* _Given information_:
════════════════
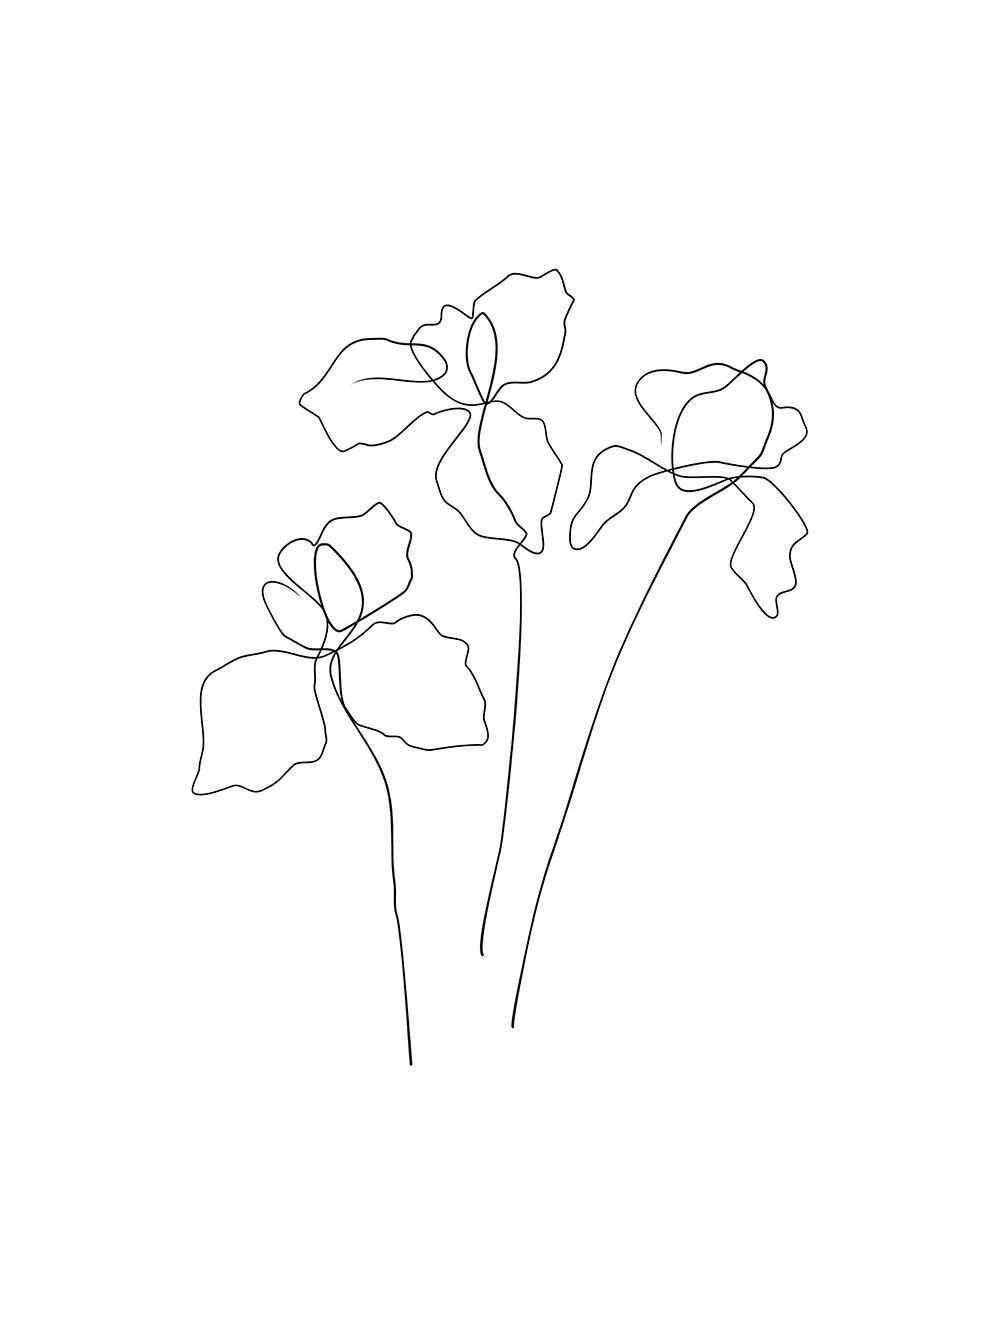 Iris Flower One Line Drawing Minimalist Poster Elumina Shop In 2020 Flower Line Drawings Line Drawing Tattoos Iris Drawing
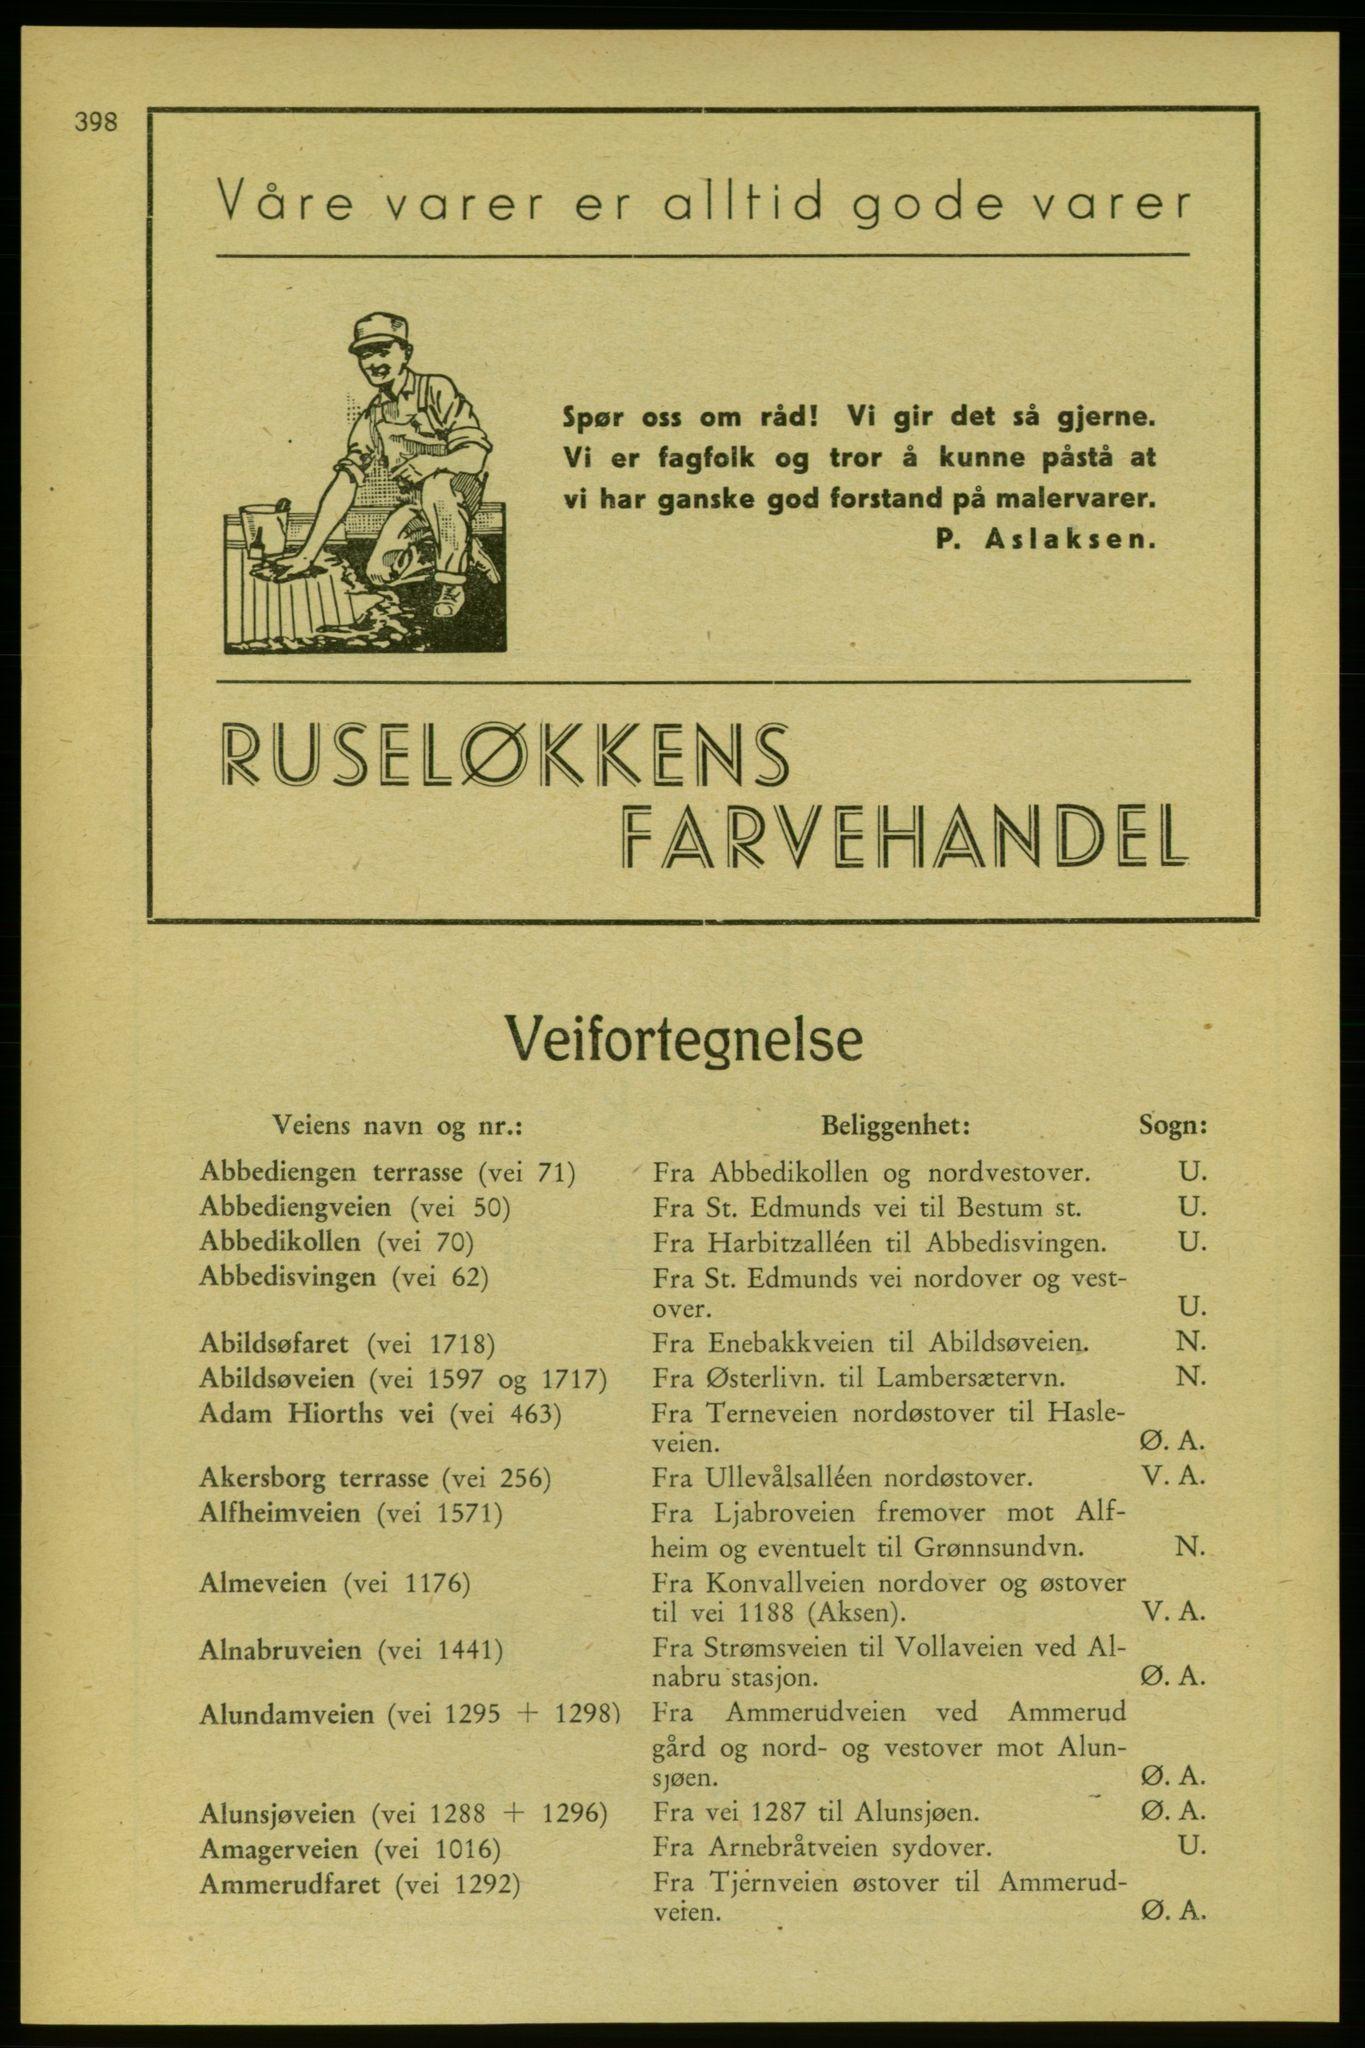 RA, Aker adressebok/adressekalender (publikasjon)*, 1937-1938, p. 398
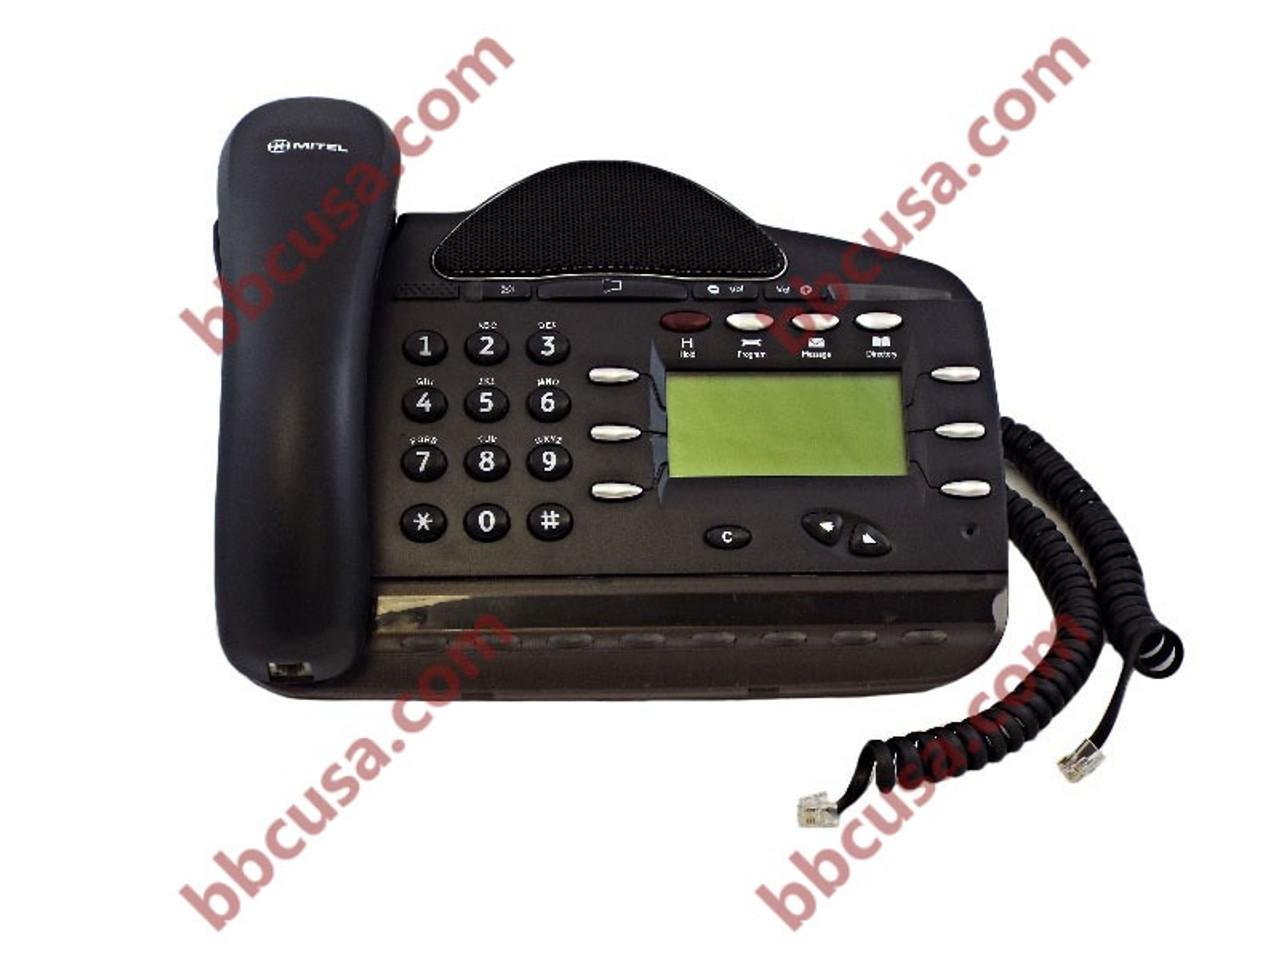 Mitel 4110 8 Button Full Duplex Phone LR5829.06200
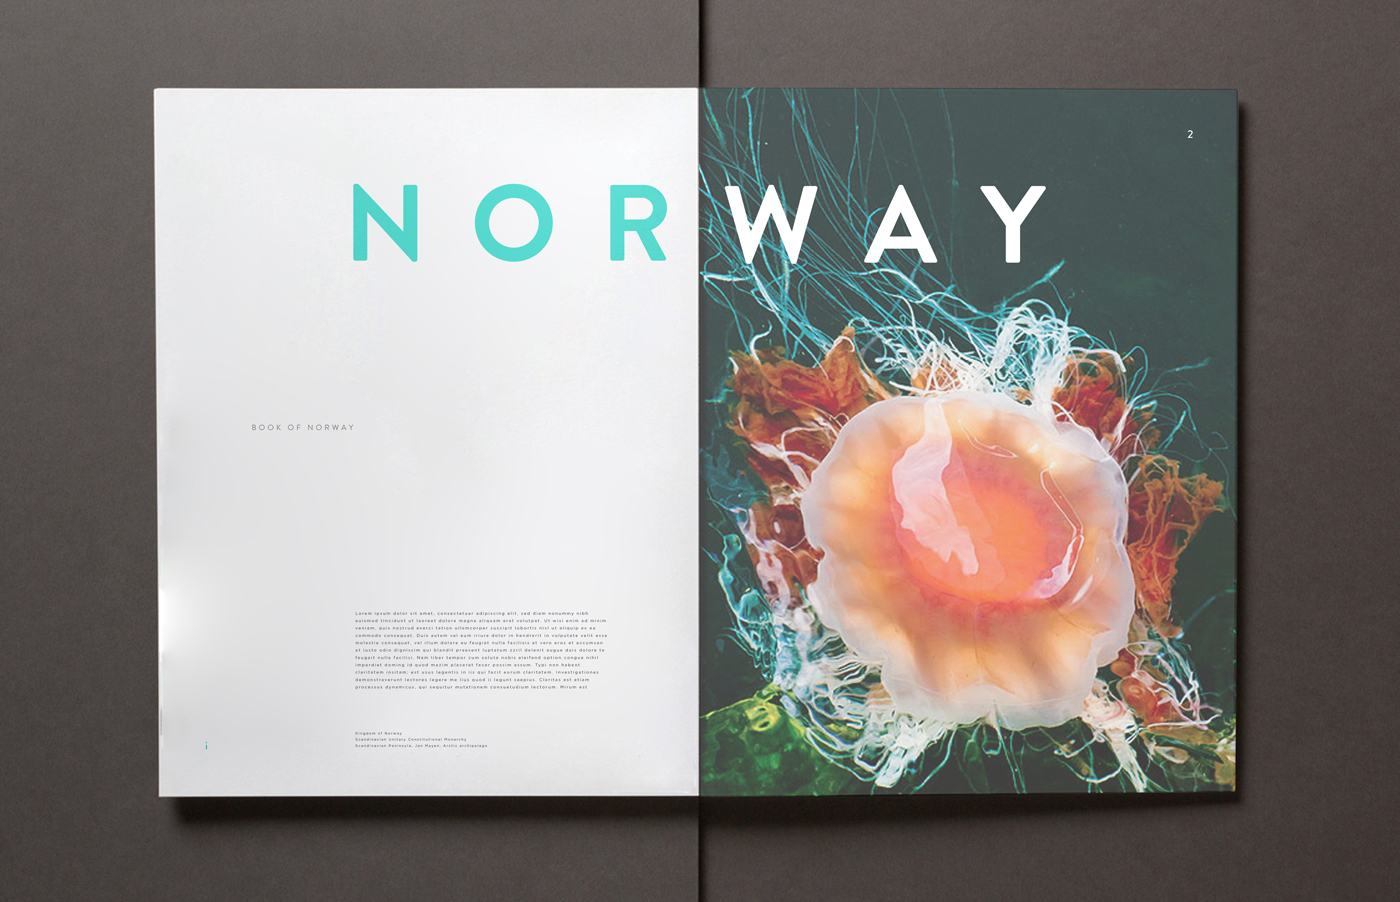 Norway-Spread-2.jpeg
════════════════
* _Work order_: Output all of the data exactly. Skip the pictures.

* _Worked solution_:
 Iris Flower One Line Drawing Minimalist Poster Elumina Shop In 2020 Flower Line Drawings Line Drawing Tattoos Iris Drawing
 RA, Aker adressebok/adressekalender (publikasjon)*, 1937-1938, p. 398
 Mitel 4110 8 Button Full Duplex Phone LR5829.06200
 Norway-Spread-2.jpeg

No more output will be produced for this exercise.